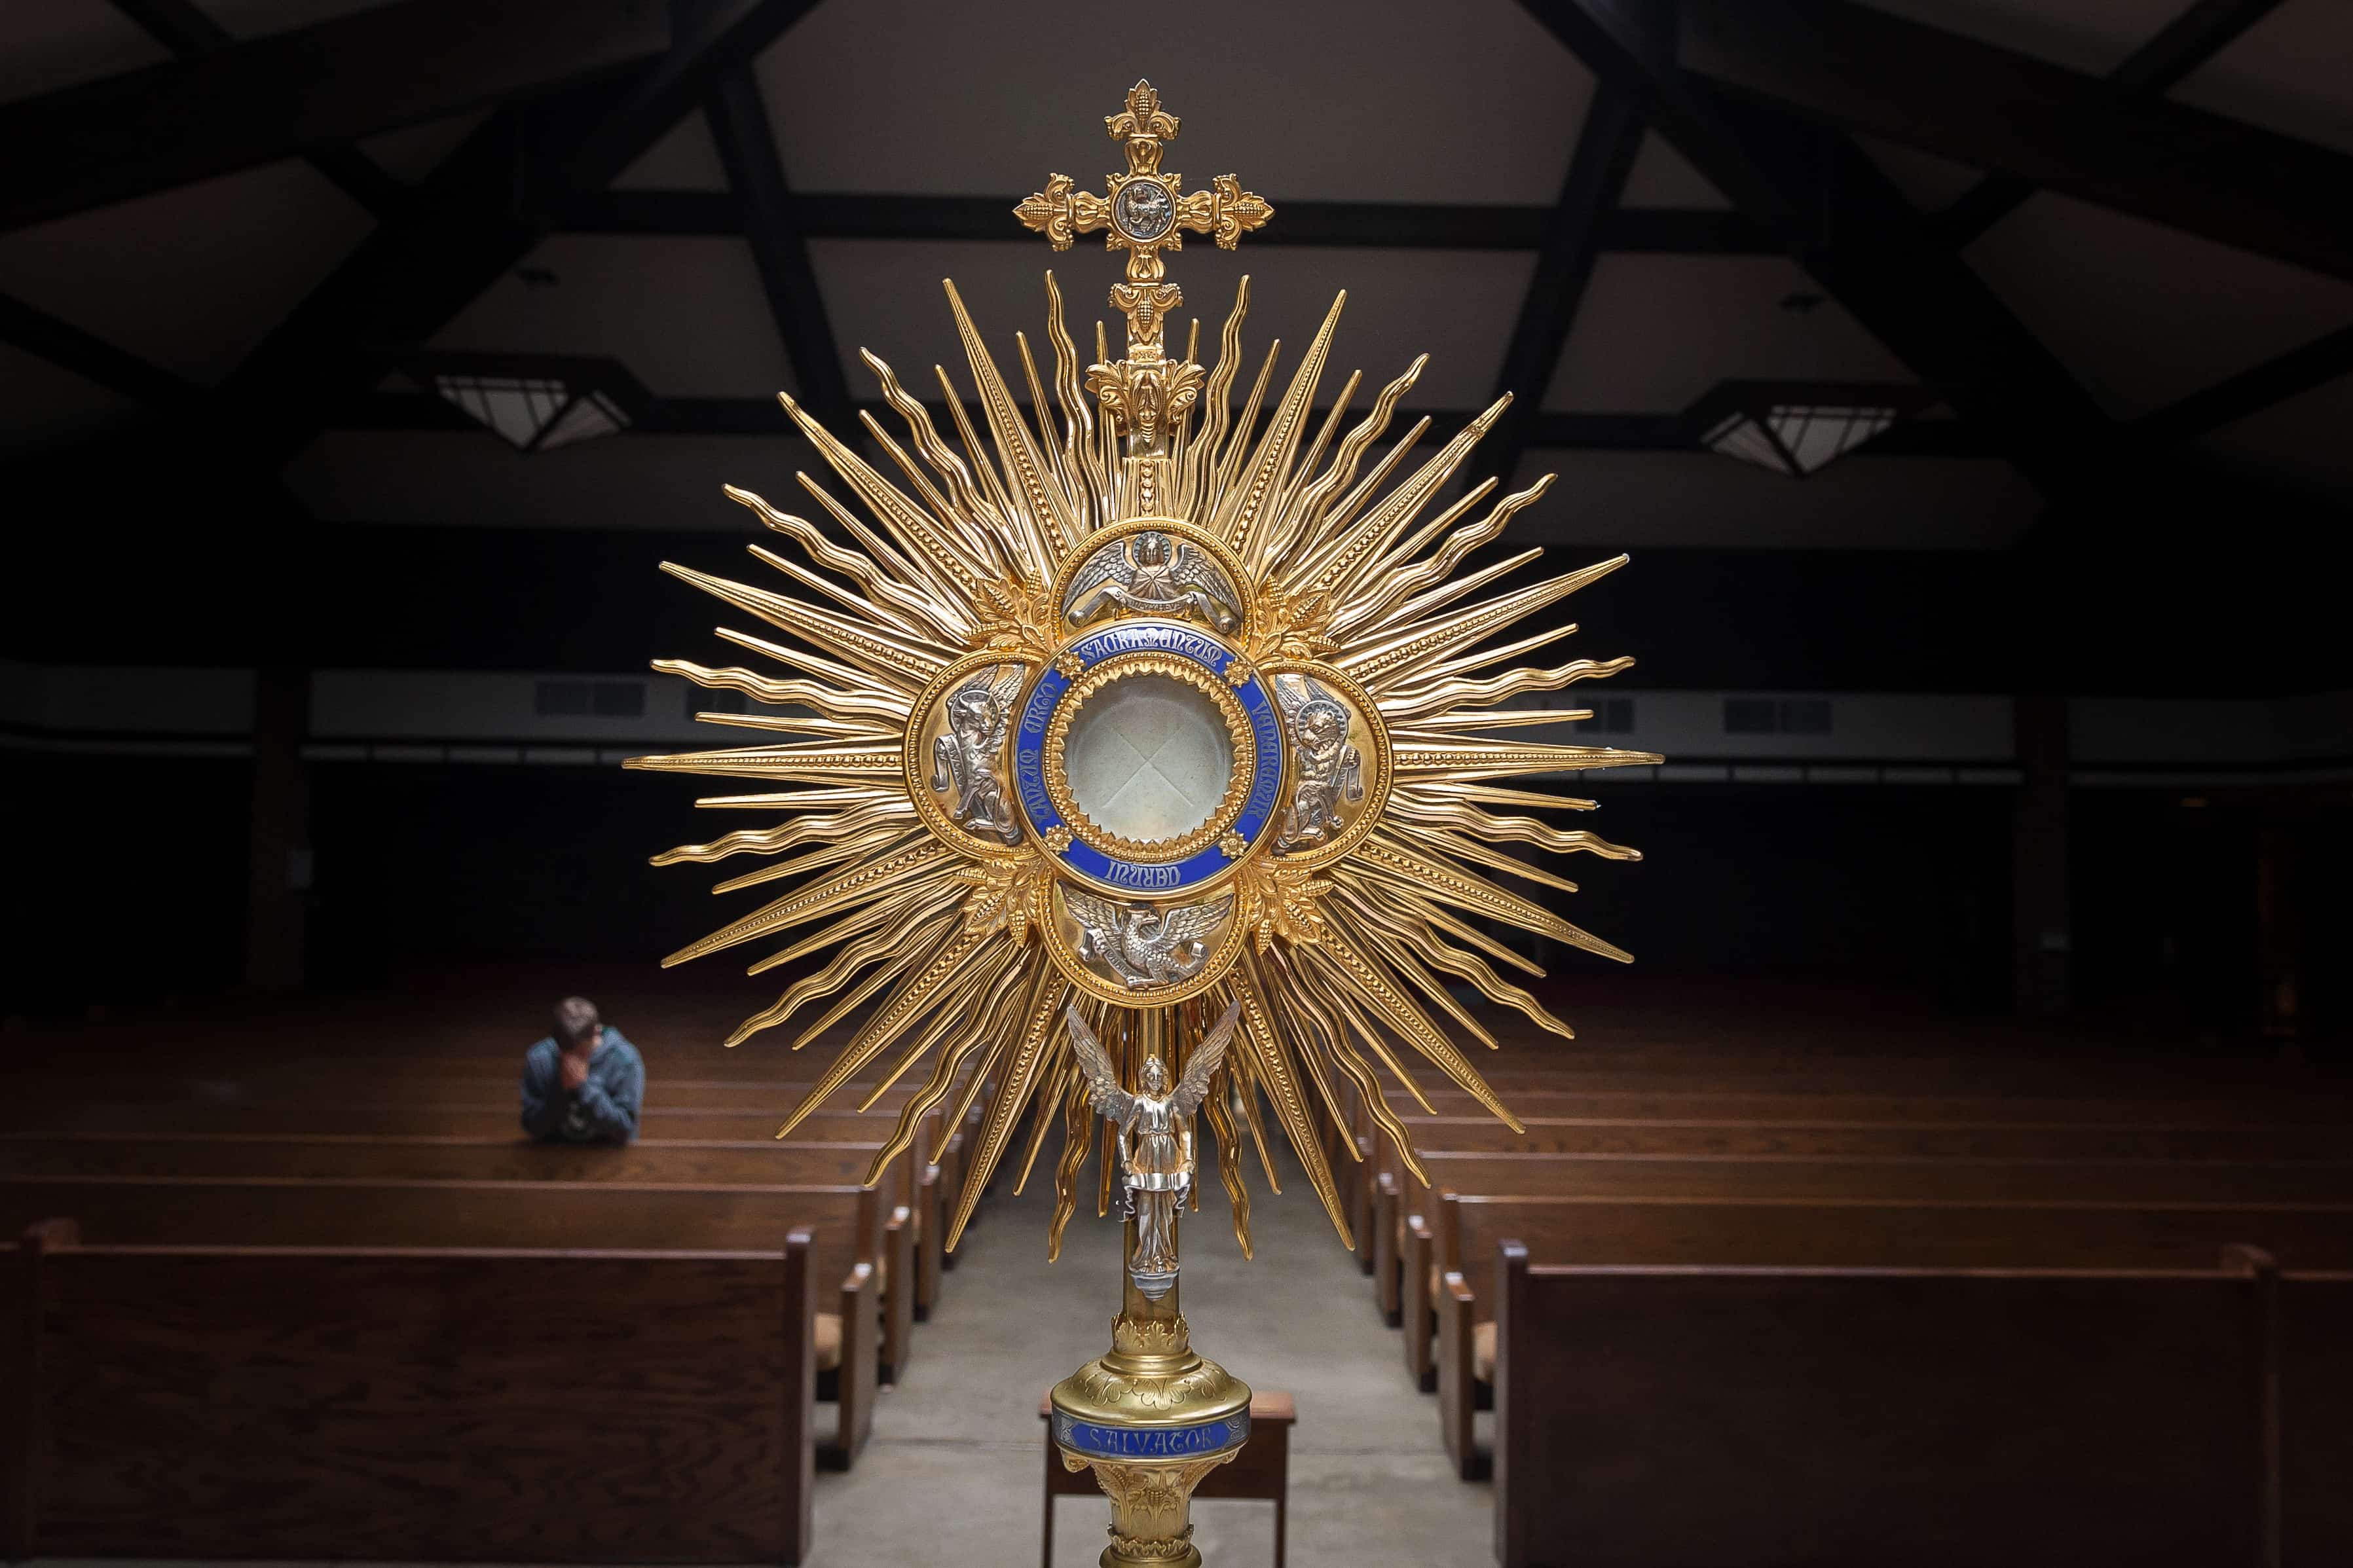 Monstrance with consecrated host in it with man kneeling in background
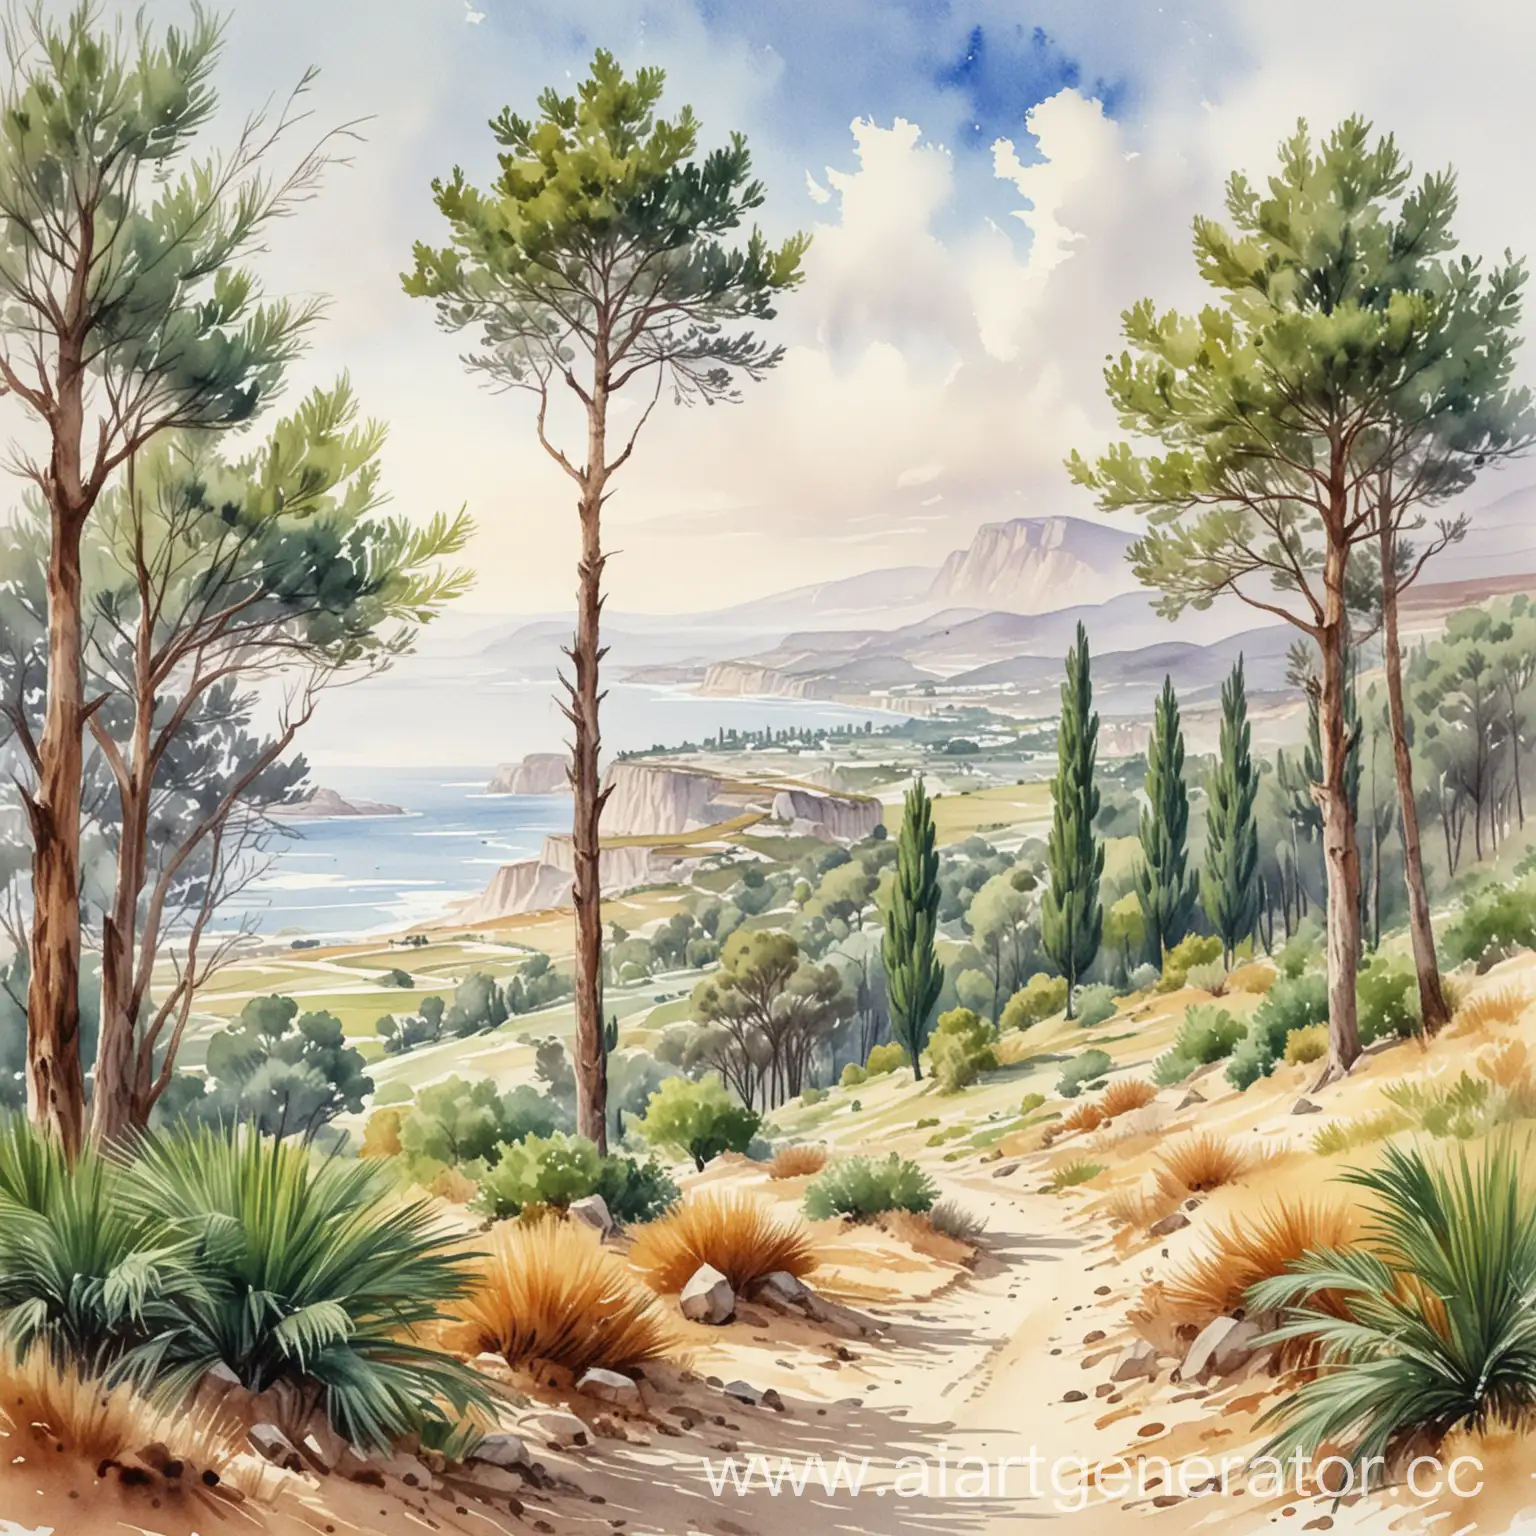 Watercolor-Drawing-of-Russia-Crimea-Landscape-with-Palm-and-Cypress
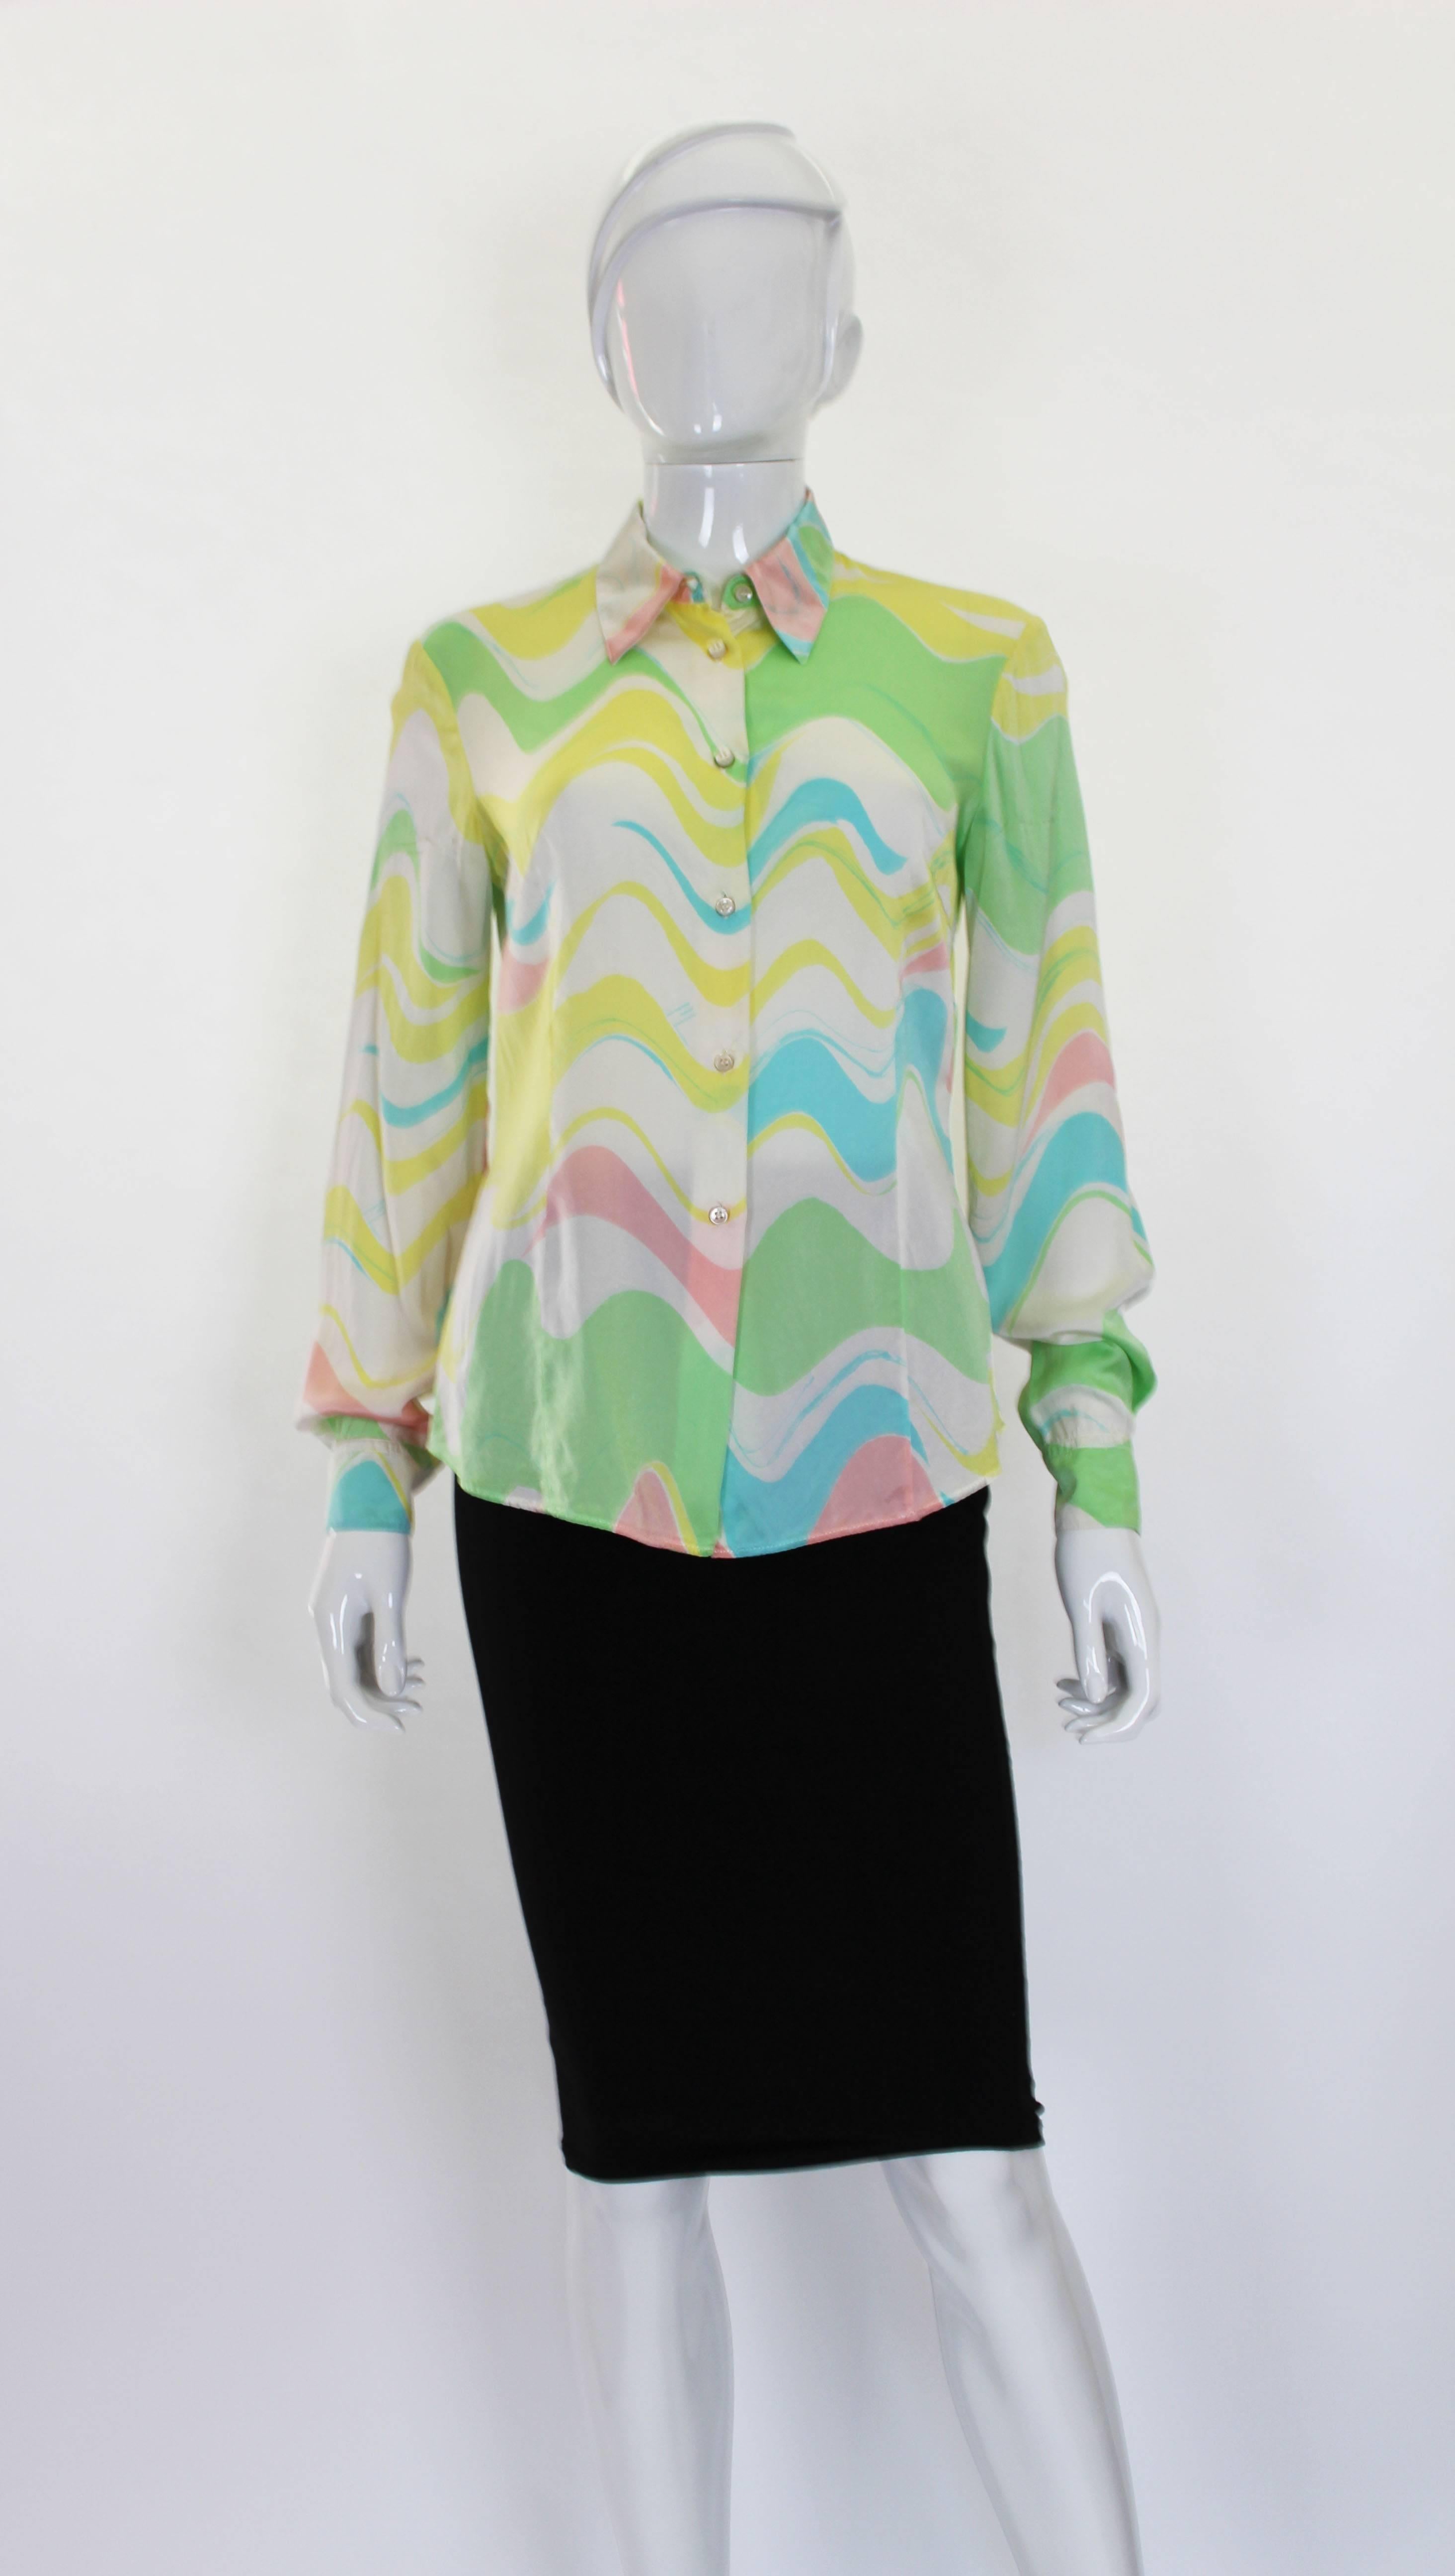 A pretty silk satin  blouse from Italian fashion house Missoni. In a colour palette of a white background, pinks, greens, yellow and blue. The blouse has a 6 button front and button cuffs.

-=-=-

▶ [What is required]: The whole listing above must be returned exactly as written, with no pictures carried over.

▶ [Answer to this task]:
 Monstrance with consecrated host in it with man kneeling in background
 Watercolor-Drawing-of-Russia-Crimea-Landscape-with-Palm-and-Cypress
 A pretty silk satin  blouse from Italian fashion house Missoni. In a colour palette of a white background, pinks, greens, yellow and blue. The blouse has a 6 button front and button cuffs.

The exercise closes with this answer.